=== WHAT TO PRODUCE ===
Please transcribe the listing that follows exactly; images are to be excluded.

=== DATA BLOCK ===

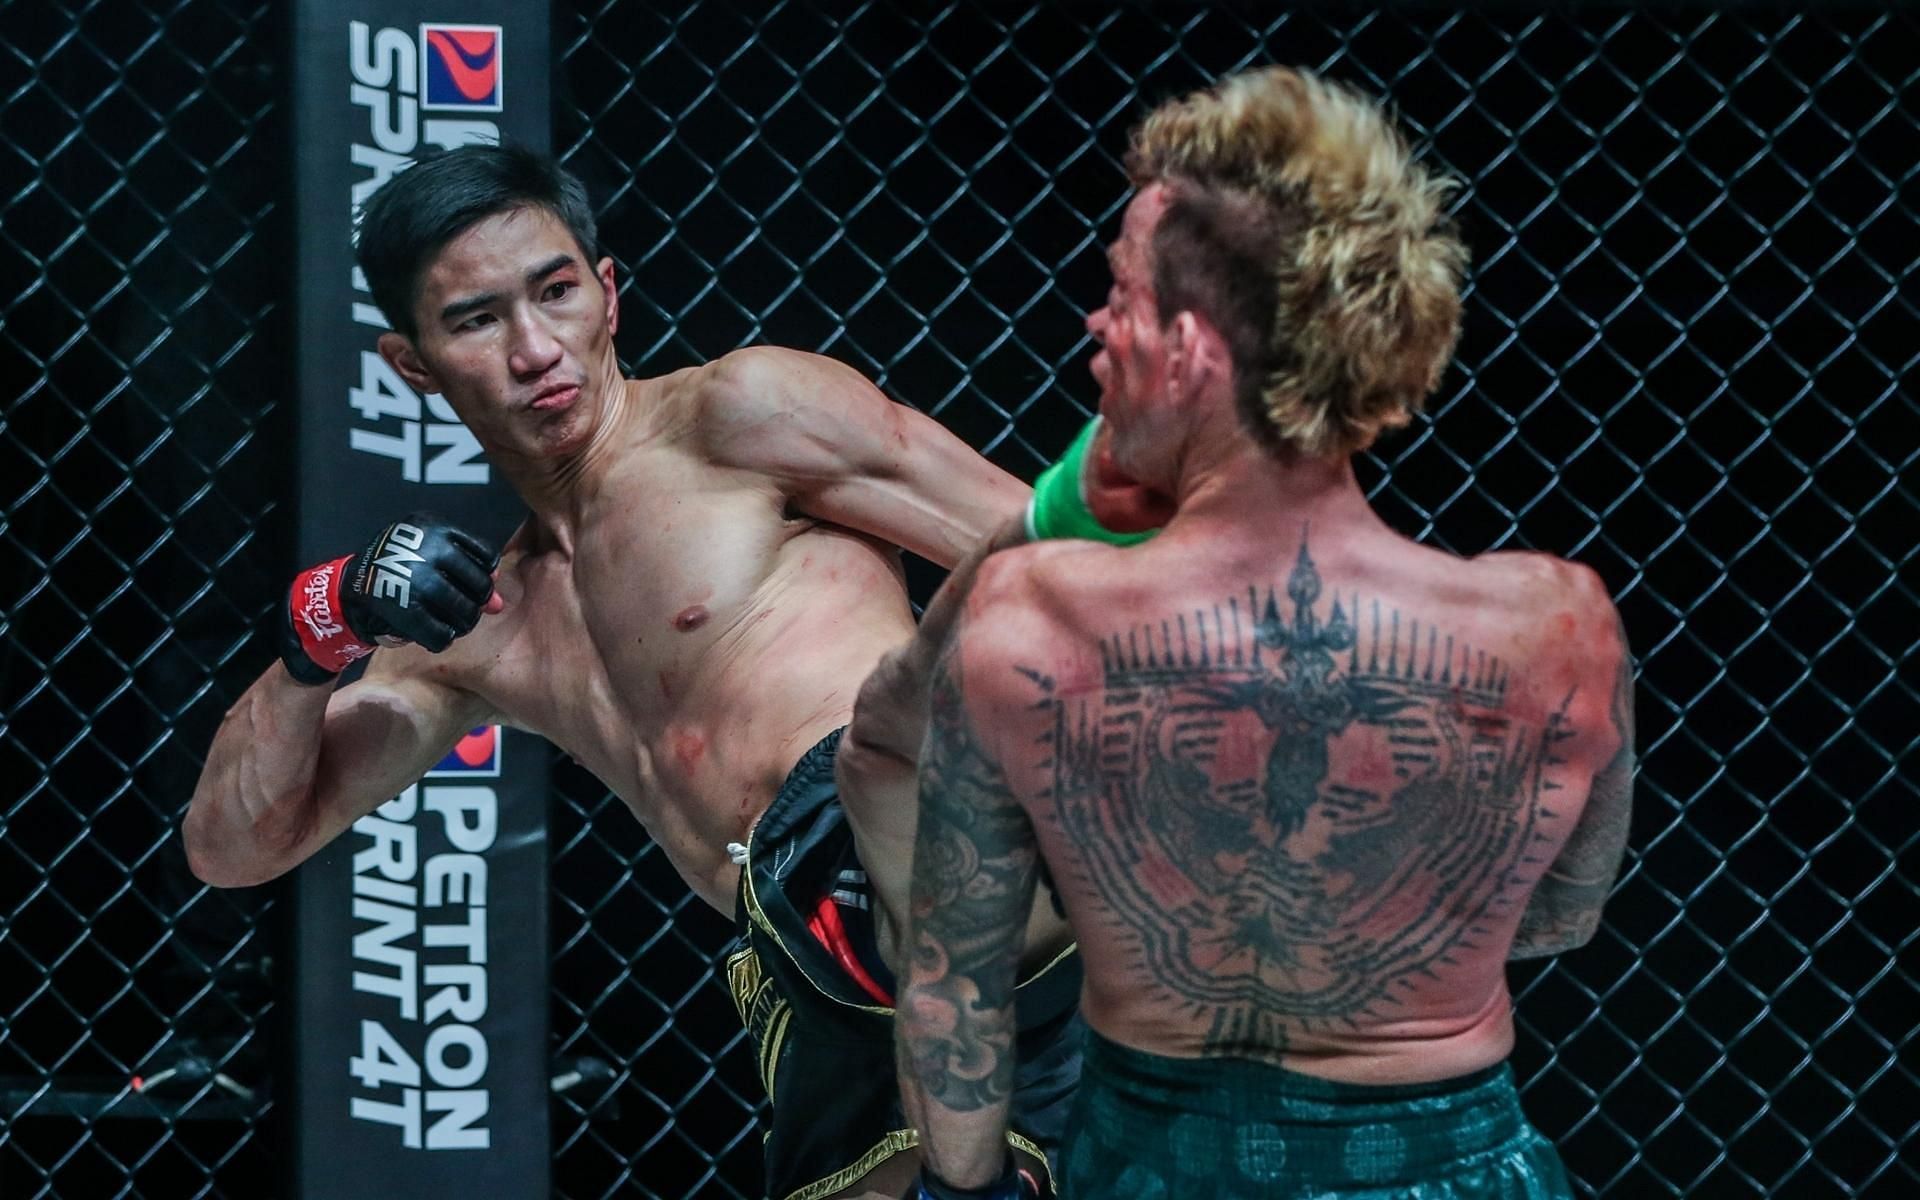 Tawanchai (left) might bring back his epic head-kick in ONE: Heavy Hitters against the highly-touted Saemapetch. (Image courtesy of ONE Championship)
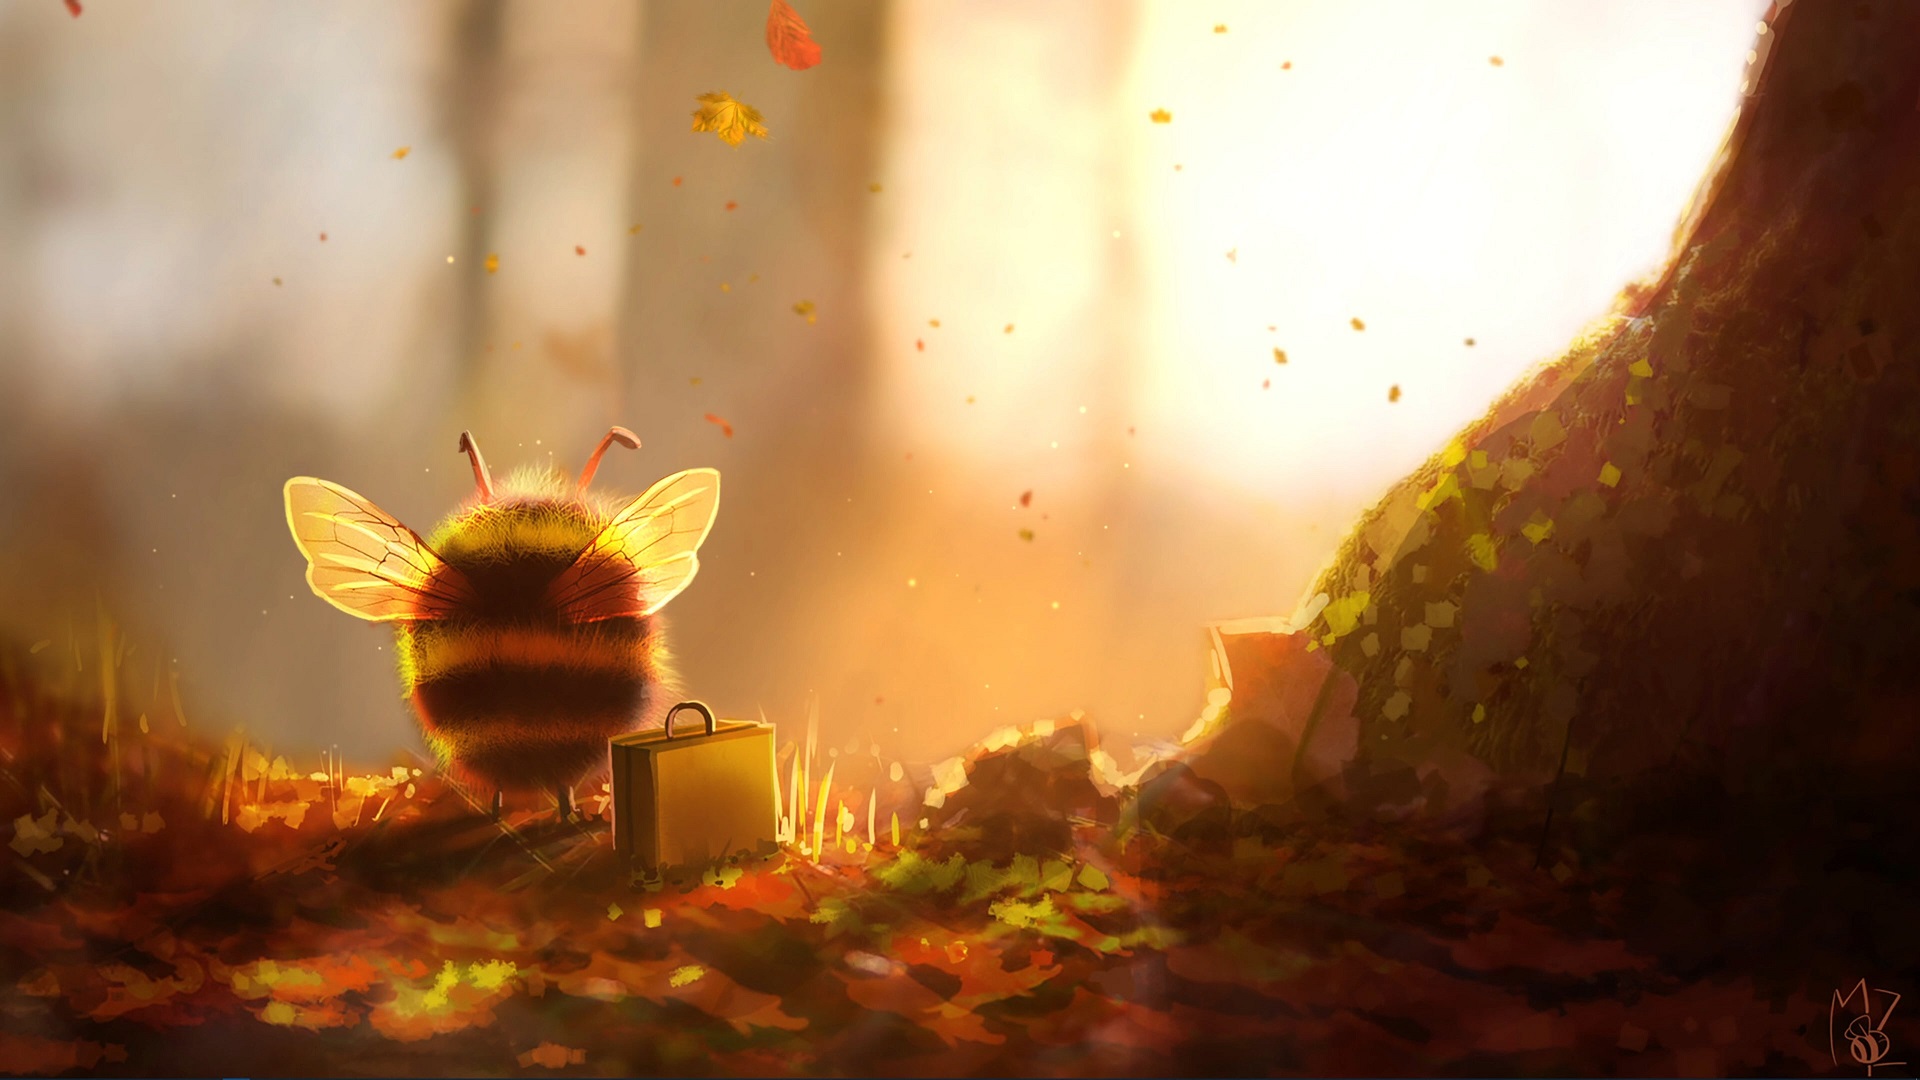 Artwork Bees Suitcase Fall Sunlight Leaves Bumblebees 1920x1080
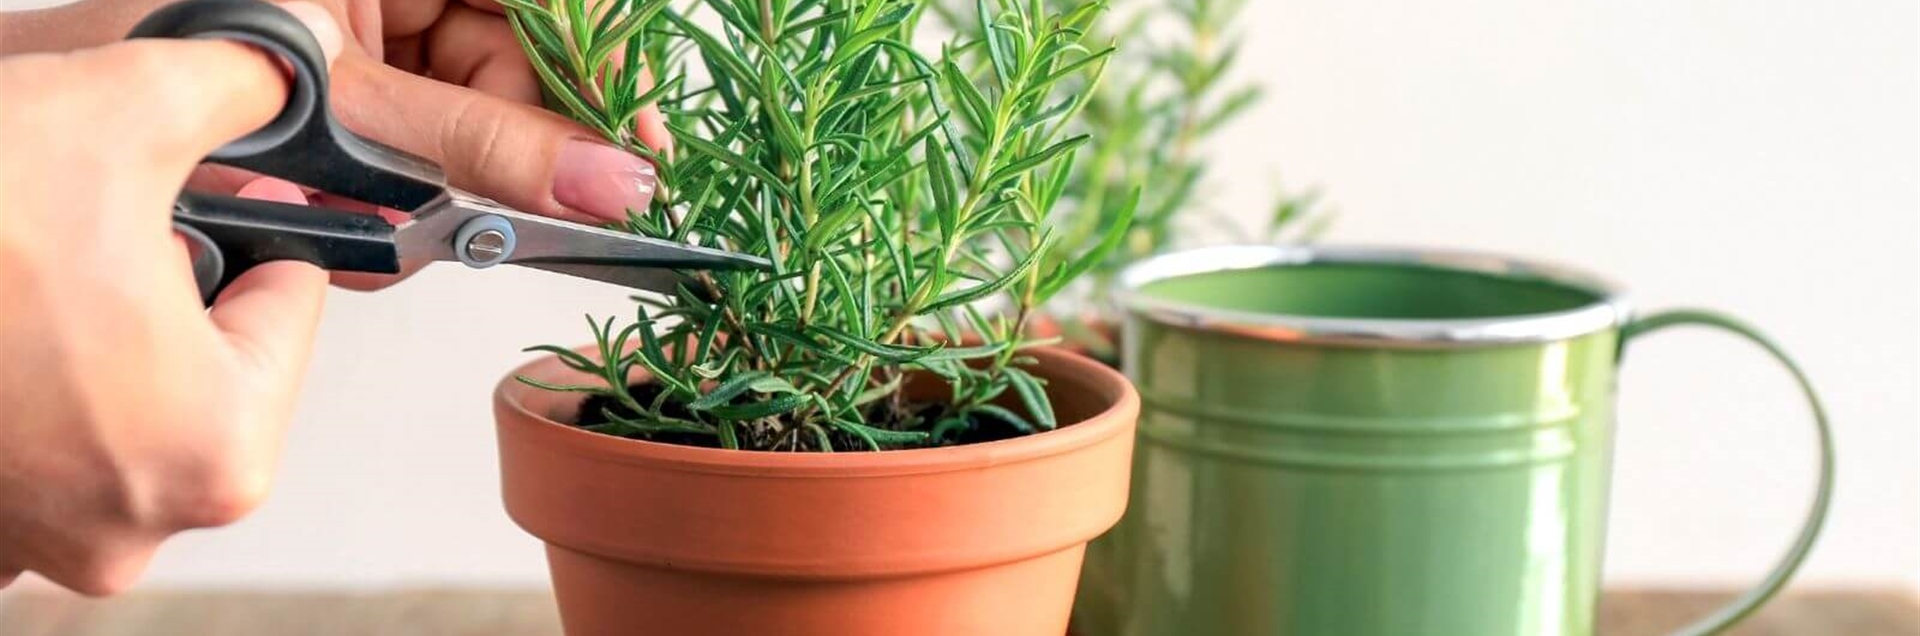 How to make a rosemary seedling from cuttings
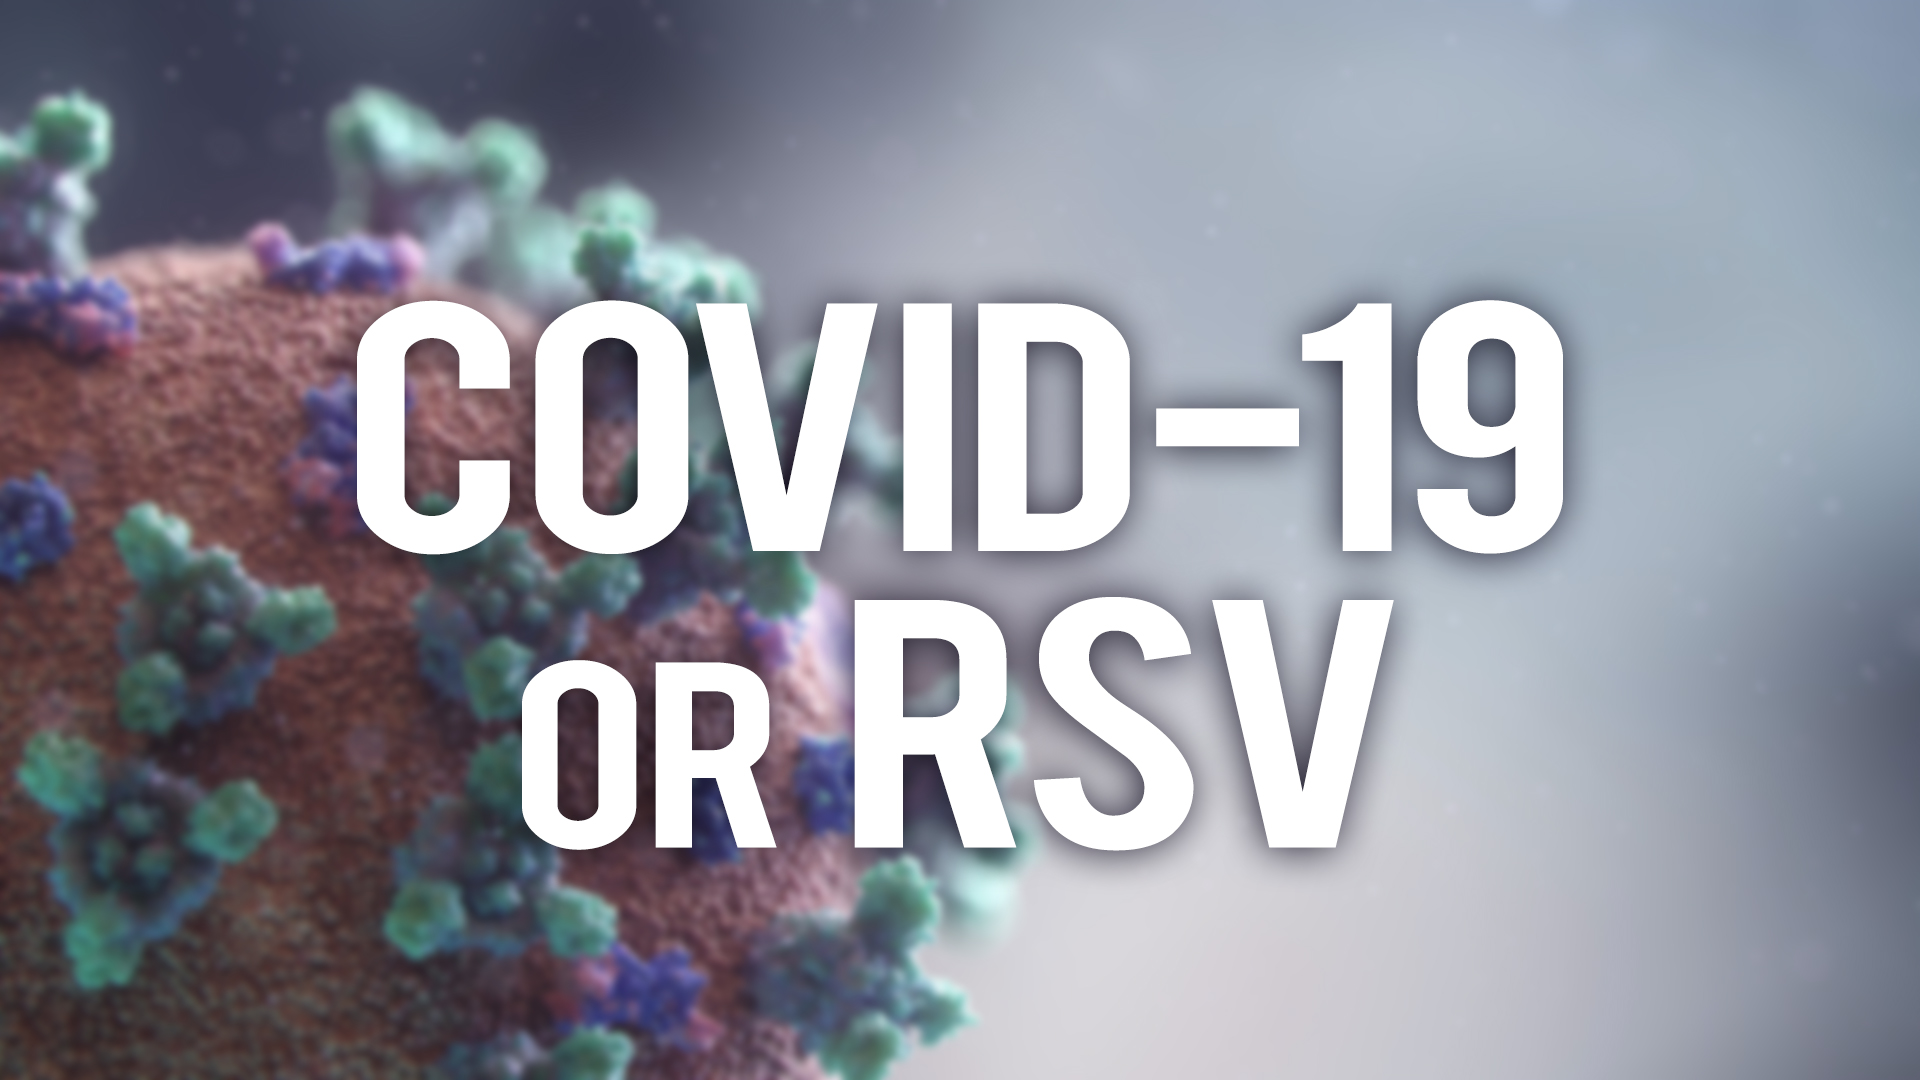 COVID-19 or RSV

=== TASK SOLUTION ===
 Tawanchai (left) might bring back his epic head-kick in ONE: Heavy Hitters against the highly-touted Saemapetch. (Image courtesy of ONE Championship)
 Artwork Bees Suitcase Fall Sunlight Leaves Bumblebees 1920x1080
 How to make a rosemary seedling from cuttings
 COVID-19 or RSV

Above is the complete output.